Il fut l'un des plus grands cinéastes contemporains. Abbas Kiarostami, 76 ans, est mort, a-t-on appris lundi soir. Le cinéaste iranien est décédé en France, où il était venu faire soigner un cancer qui avait été révélé en février dernier.
Le réalisateur avait largement marqué le septième art avec de nombreux films tels que Shirin, Close up ou encore le récent Copie conforme avec Juliette Binoche. Mais il avait surtout remporté la Palme d'or du Festival de Cannes en 1997 pour Le Goût de la cerise sur une décision du jury présidé par Isabelle Adjani. Il avait alors scandalisé les autorités iraniennes pour s'être laissé embrasser par une femme en public, Catherine Deneuve, qui lui avait remis la Palme d'or.
Né à Téhéran en 1940 dans une famille modeste, devenu l'un des cinéastes les plus en vue du cinéma iranien dans les années 1960, il a remporté des prix dans les plus grands festivals mondiaux qui lui ont apporté une notoriété allant de l'Europe aux États-Unis en passant par le Japon. En 1999, avec Le vent nous emportera, sur la dignité dans le travail et l'égalité hommes-femmes, il remporte le Lion d'argent à la Mostra de Venise. Cinéaste sociologue, toujours très près de ses sujets, il disait vouloir utiliser le cinéma pour "faire naître du lien entre les gens" et a largement marqué le cinéma mondial, en plus d'avoir largement influencé celui de son pays natal – où il sera d'ailleurs enterré selon l'agence officielle iranienne IRNA. "Abbas n'est pas seulement le plus grand cinéaste iranien, le Rossellini de Téhéran, le chercheur qui trouve, c'était aussi un photographe inspiré.
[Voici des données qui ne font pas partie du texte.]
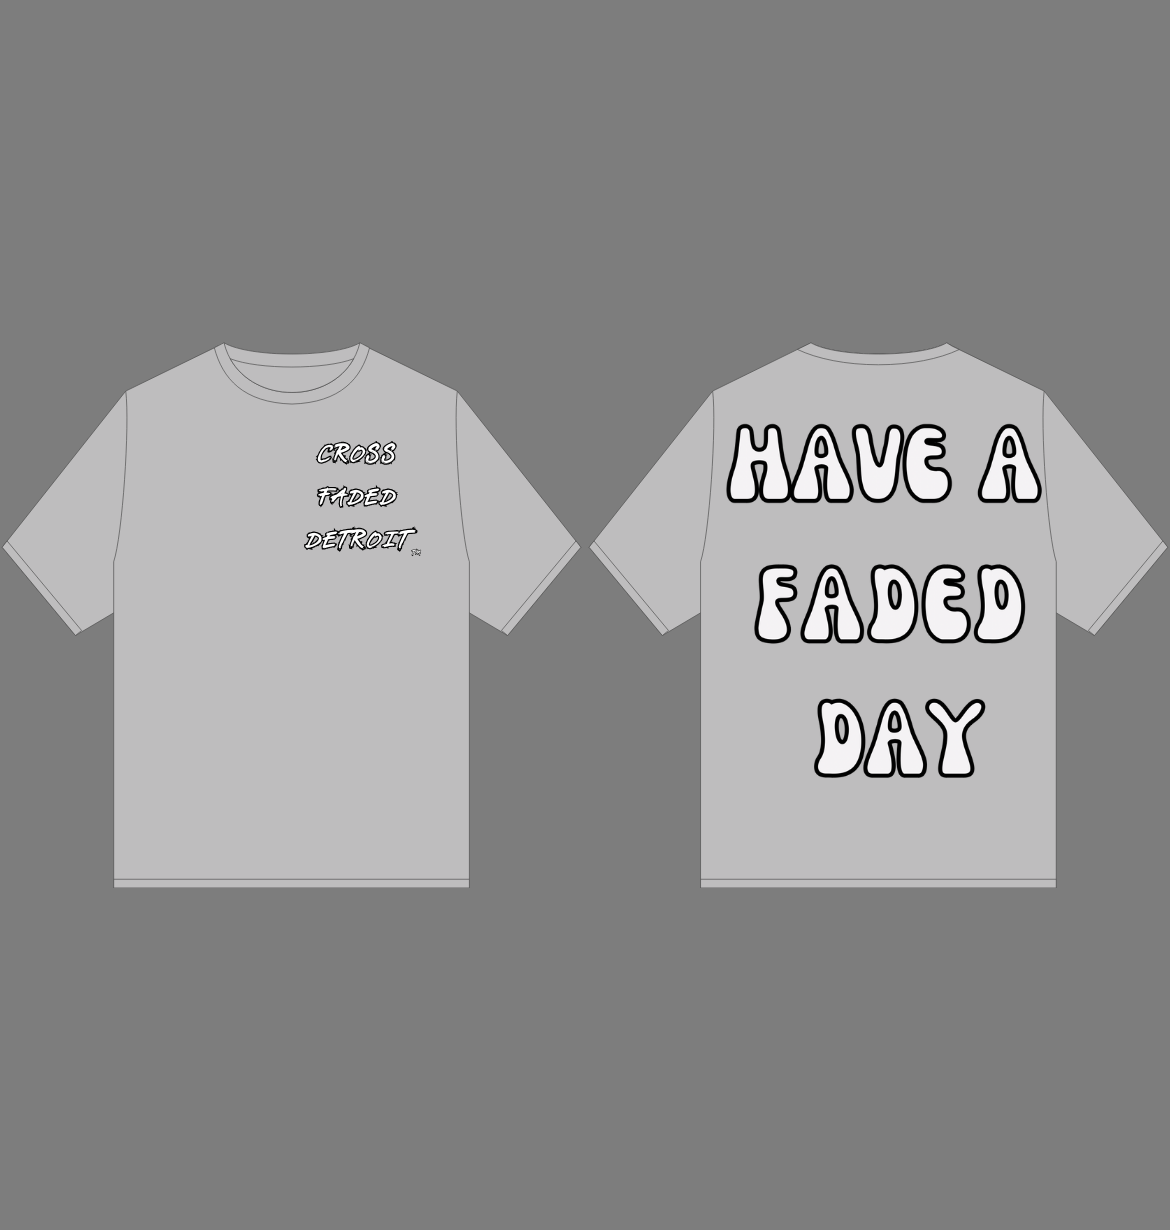 HAVE A FADED DAY Classic Tee

Il était l'art même", a déclaré l'ancien président du festival de Cannes, Gilles Jacob.
Ce n'était pas seulement un cinéaste
Un hommage qui en cachait bien d'autre. "Il fait partie de ces très rares cinéastes où il y a eu un avant et un après pour le cinéma", a estimé Frédéric Bonnaud, directeur de la Cinémathèque française, alors qu'Audrey Azoulay, ministre de la Culture, a salué "un artiste libre, épris de vérité".
Chez ses compatriotes, la tristesse est d'autant plus grande. "Sans lui, je n'aurais jamais pu faire Persepolis", a confié la dessinatrice et réalisatrice la Franco-Iranienne Marjane Satrapi, qui éprouve "une très grande tristesse". "En Europe on avait vu ses films, donc on ne voyait plus les Iraniens comme un peuple de terroristes, mais comme des êtres humains. Il a ouvert la voie à toute une génération d'artistes iraniens. Nous lui sommes tous redevables", a-t-elle dit à l'AFP. Le réalisateur Asghar Farhadi a dit au quotidien britannique The Guardian qu'il était "en état de choc". "Ce n'était pas seulement un cinéaste. C'était un mystique moderne, tant dans son oeuvre que dans sa vie privée", a confié le cinéaste récemment doublement primé à Cannes pour Le Client. "À lui seul, il a changé l'image de l'Iran", a tweeté l'actrice iranienne Golshifteh Farahani.
"Il était l'un de ces rares artistes avec une connaissance spéciale du monde, à mettre des mots sur ce que disait le grand Jean Renoir : 'La réalité est toujours magique.' Pour moi, cette déclaration résume l'extraordinaire travail de Kiarostami. (...) J'ai appris à mieux connaître Abbas ces dix-quinze dernières années. C'était un être très spécial : calme, élégant, modeste, précis et très observateur. C'était un vrai gentleman et, assurément, l'un de nos plus grands artistes", résume Martin Scorsese à The Hollywood Reporter.